Set the listing down exactly; no pictures.
** DATA EXCERPT follows **
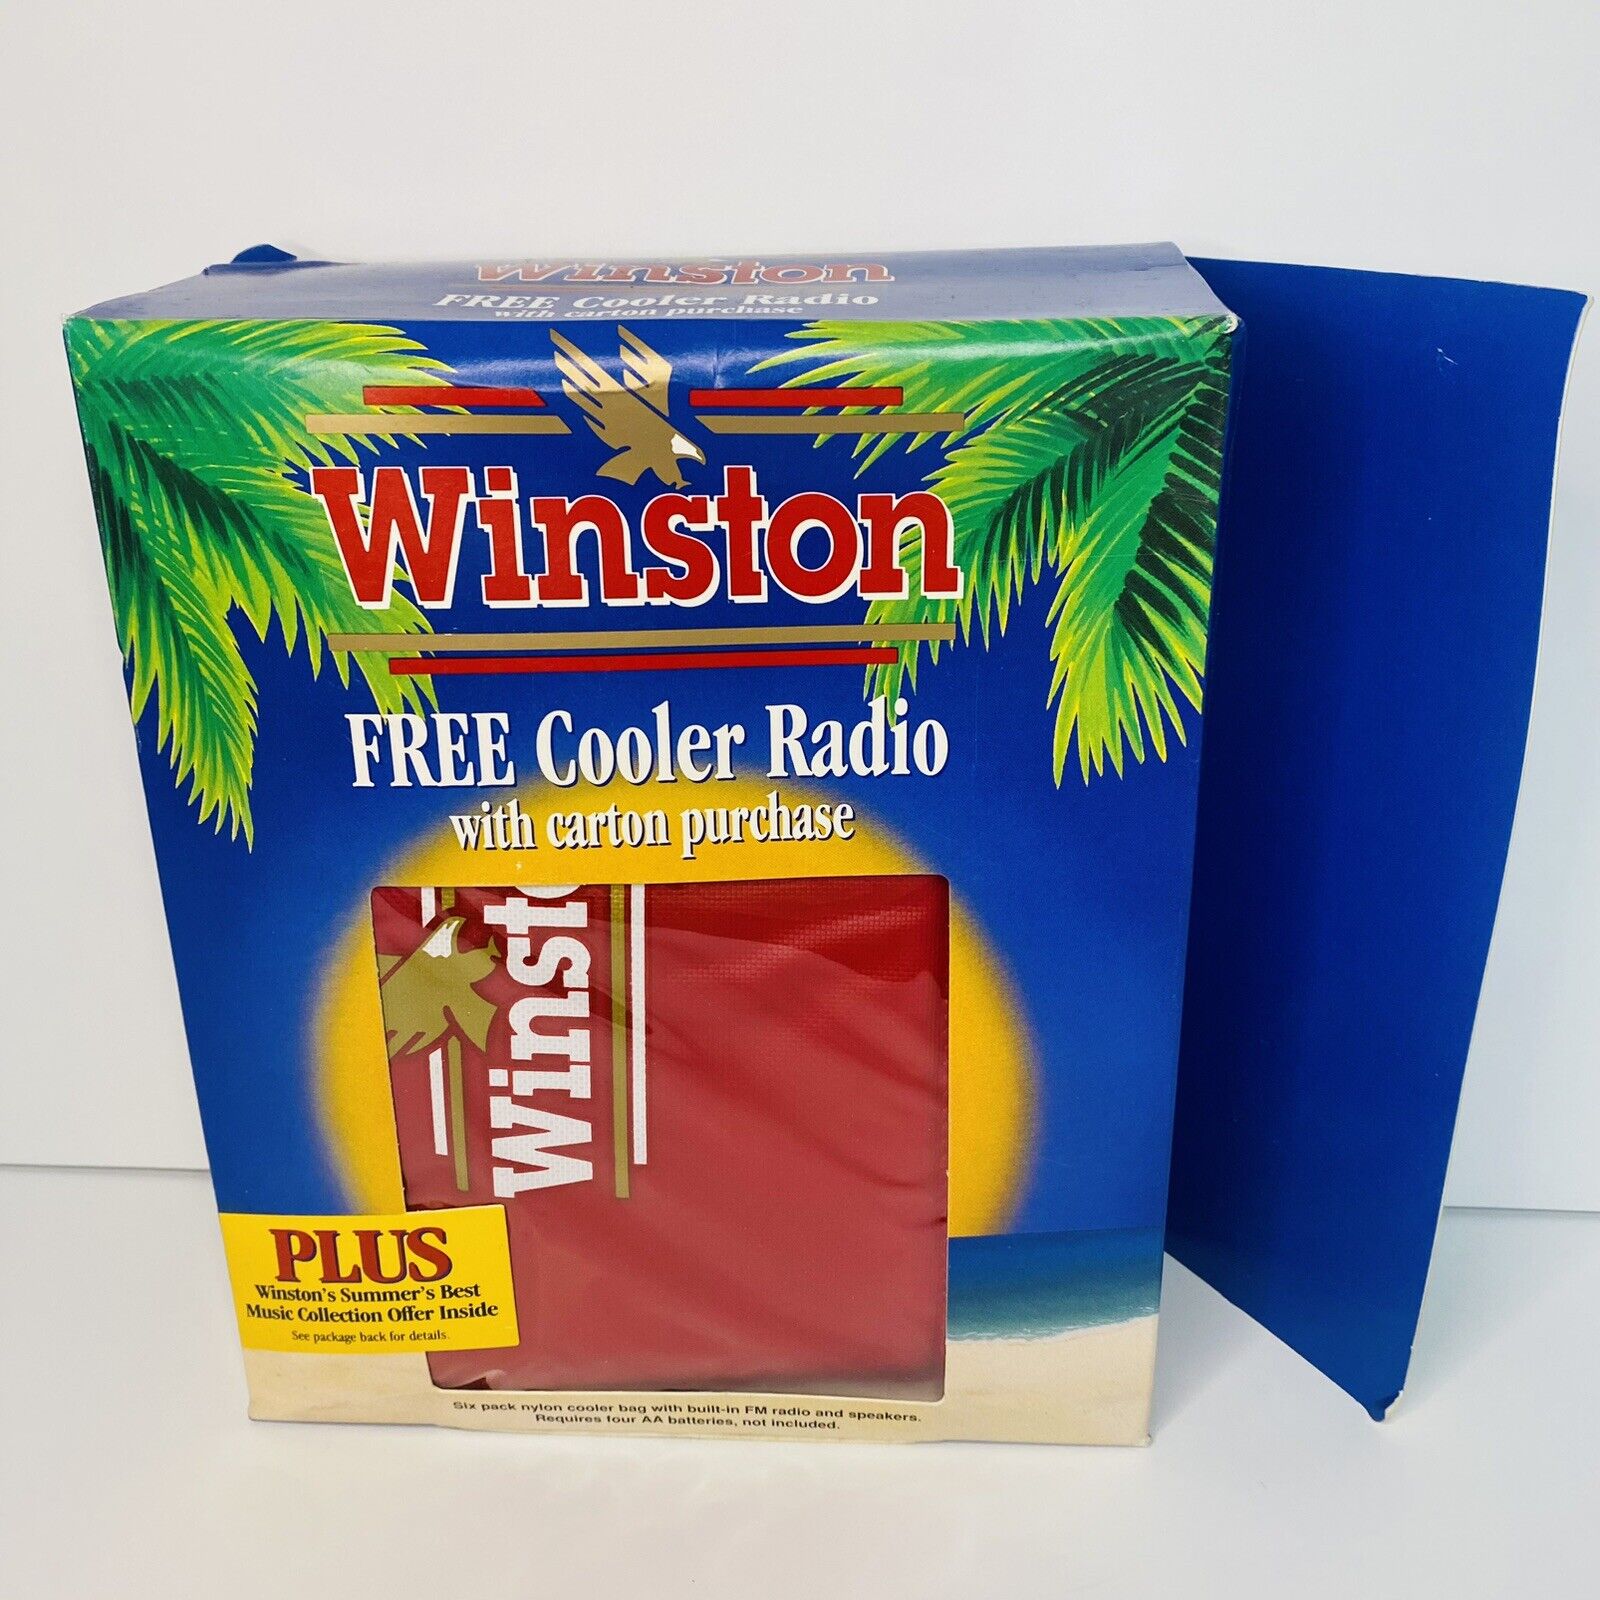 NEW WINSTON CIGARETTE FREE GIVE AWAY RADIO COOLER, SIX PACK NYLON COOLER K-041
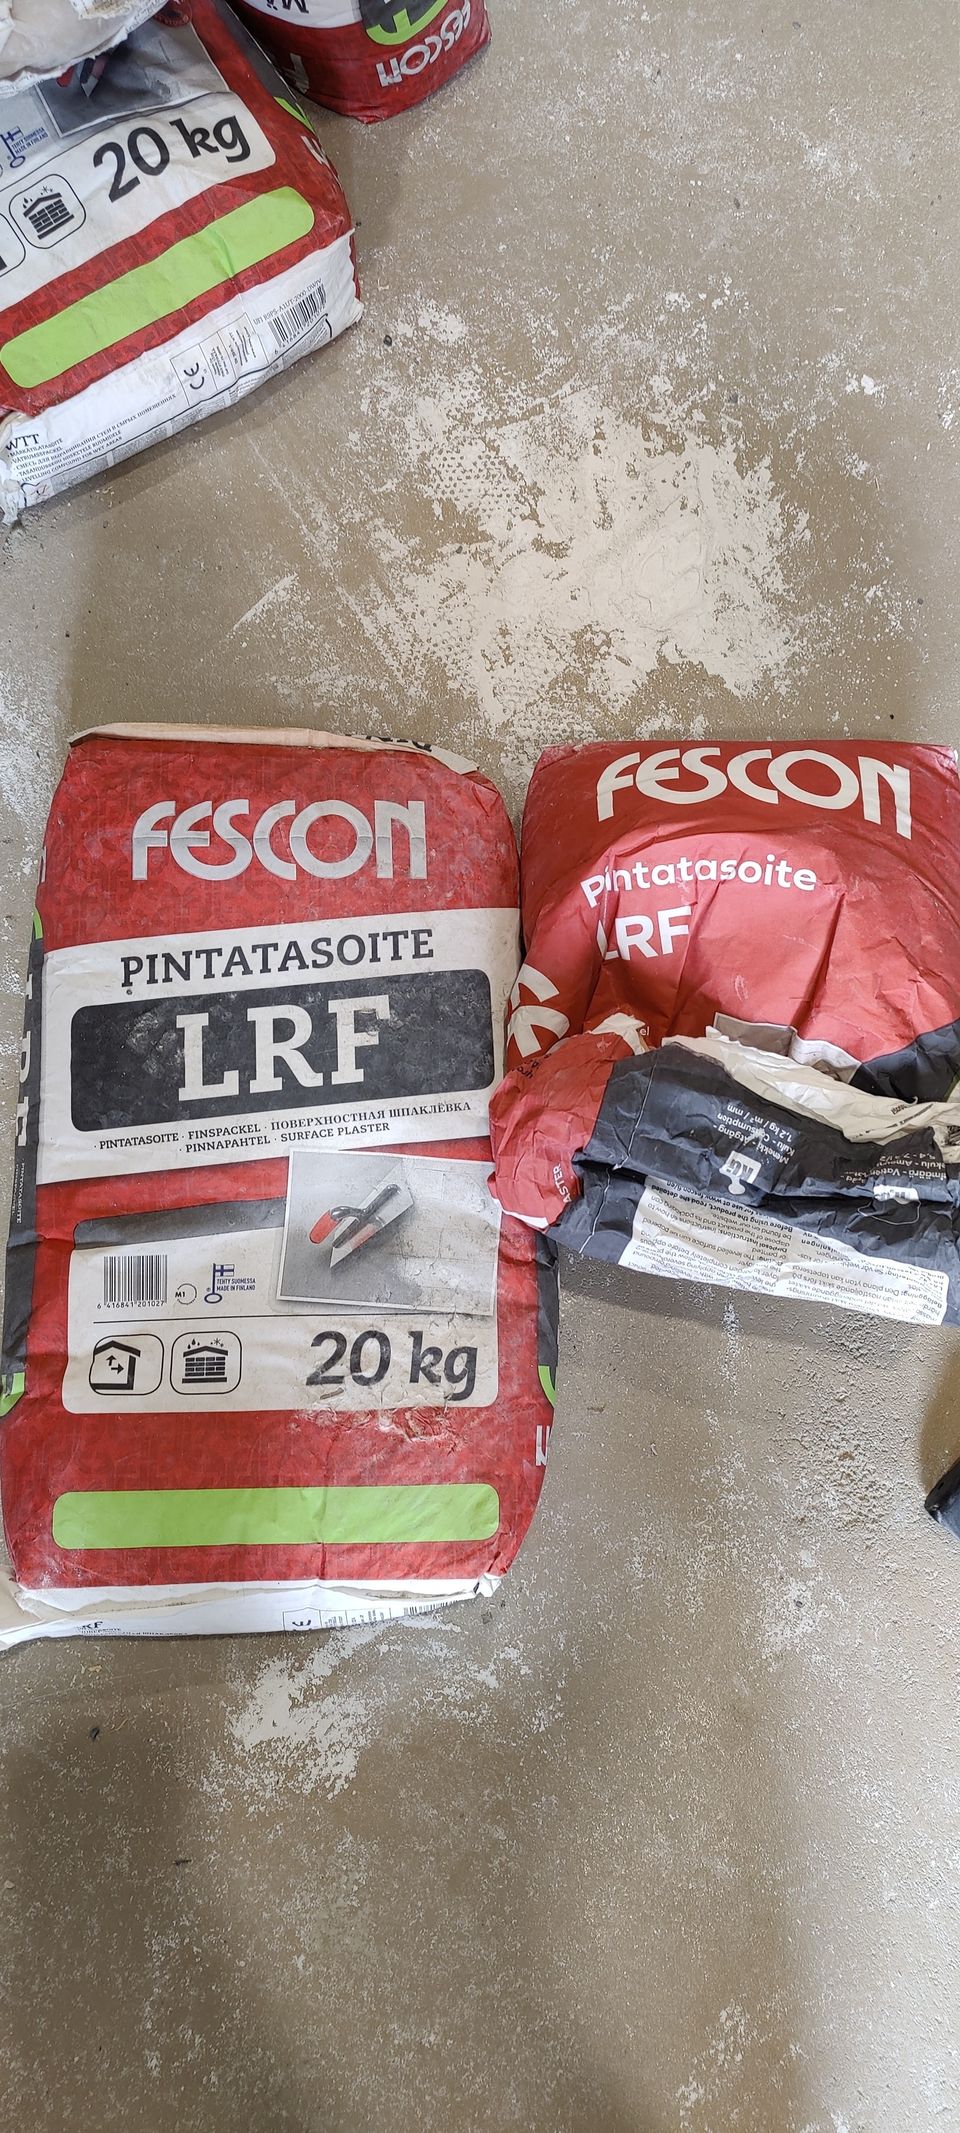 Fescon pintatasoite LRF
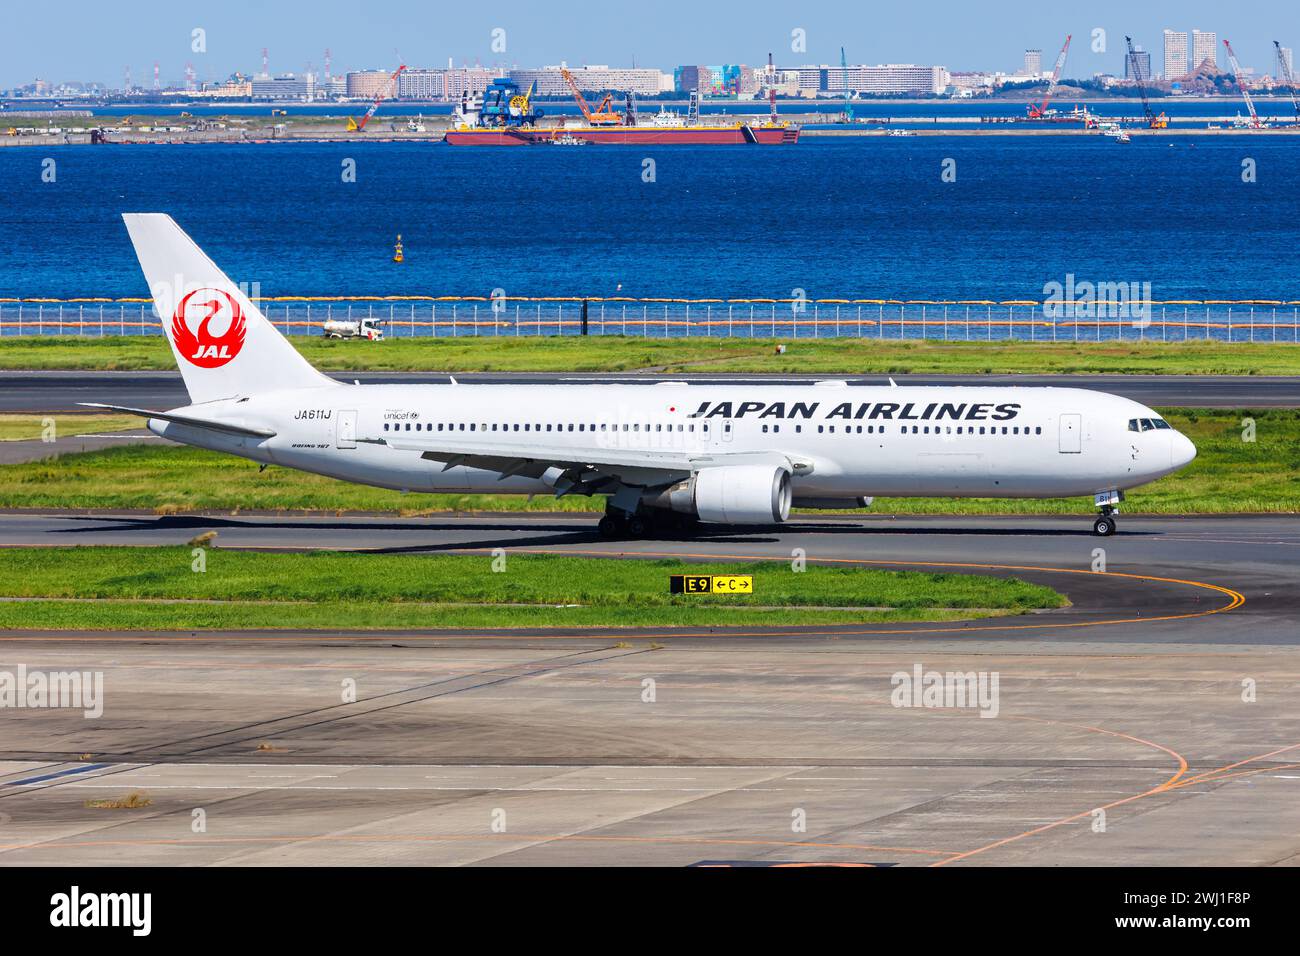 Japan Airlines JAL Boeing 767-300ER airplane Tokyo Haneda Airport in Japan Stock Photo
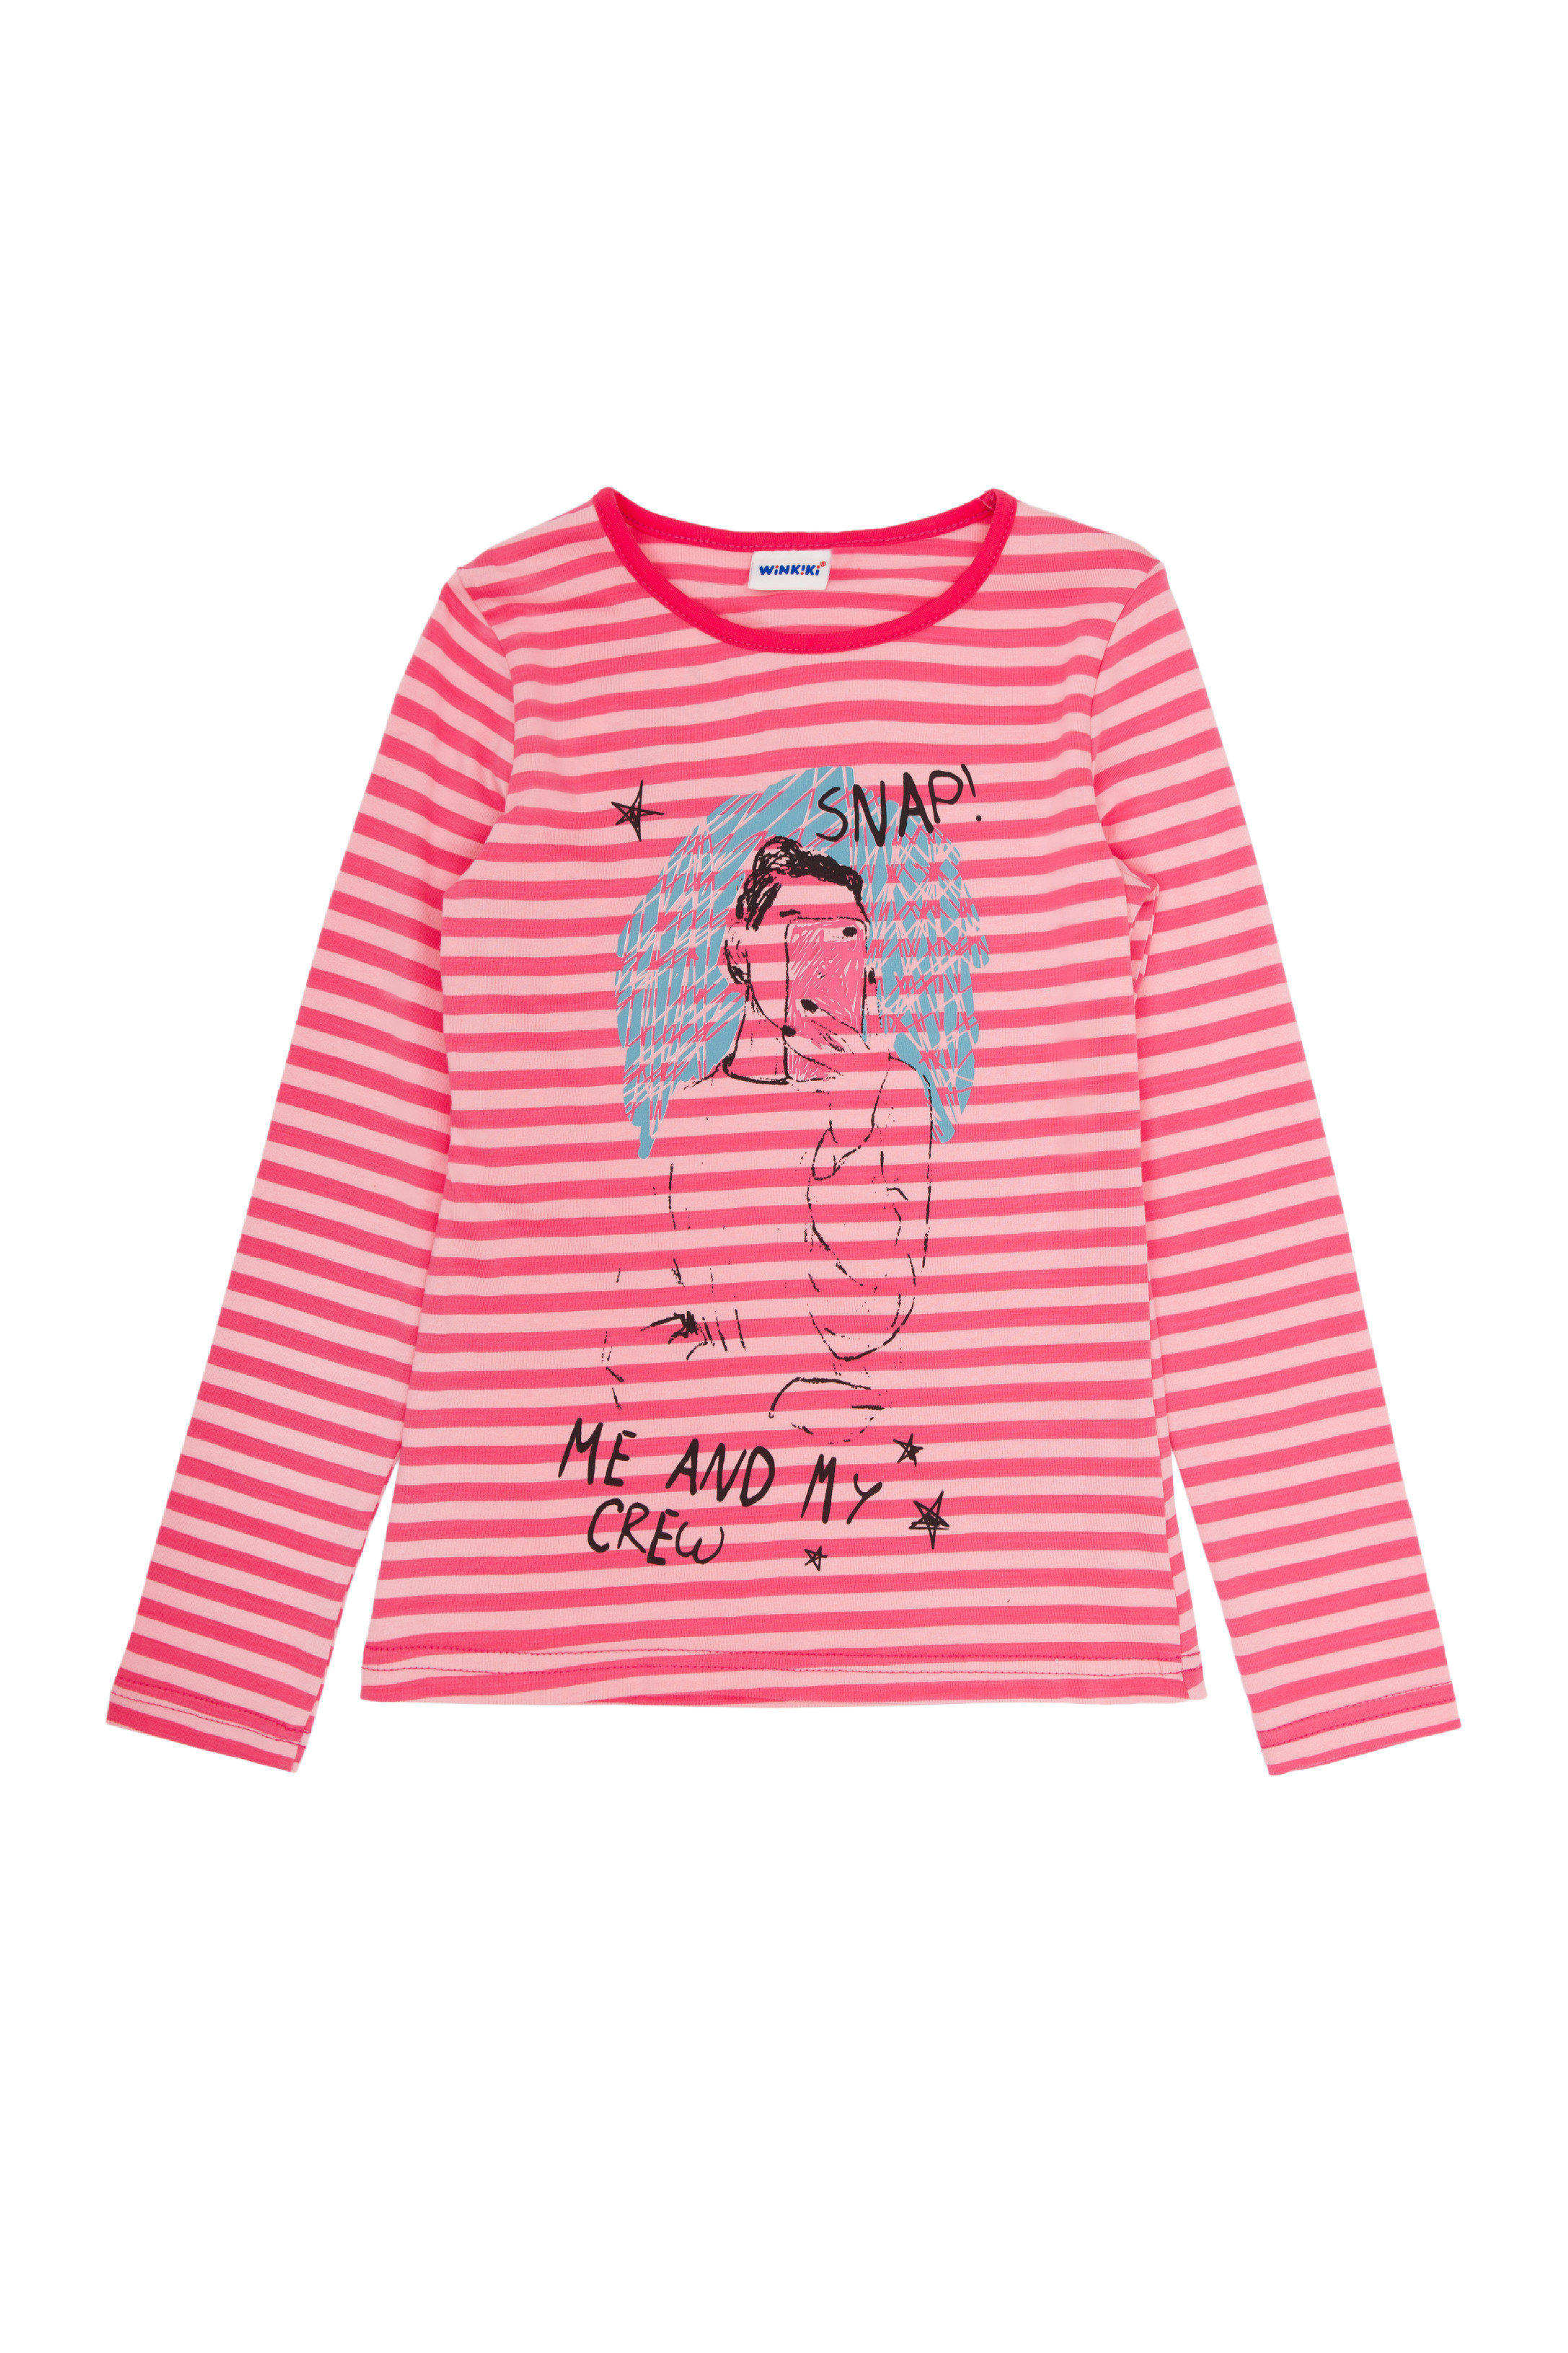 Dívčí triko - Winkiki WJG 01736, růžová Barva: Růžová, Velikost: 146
** End of DATA EXCERPT **
ANSWER TO THE PROBLEM »
 NEW WINSTON CIGARETTE FREE GIVE AWAY RADIO COOLER, SIX PACK NYLON COOLER K-041
 Fescon pintatasoite LRF
 Japan Airlines JAL Boeing 767-300ER airplane Tokyo Haneda Airport in Japan Stock Photo
 Dívčí triko - Winkiki WJG 01736, růžová Barva: Růžová, Velikost: 146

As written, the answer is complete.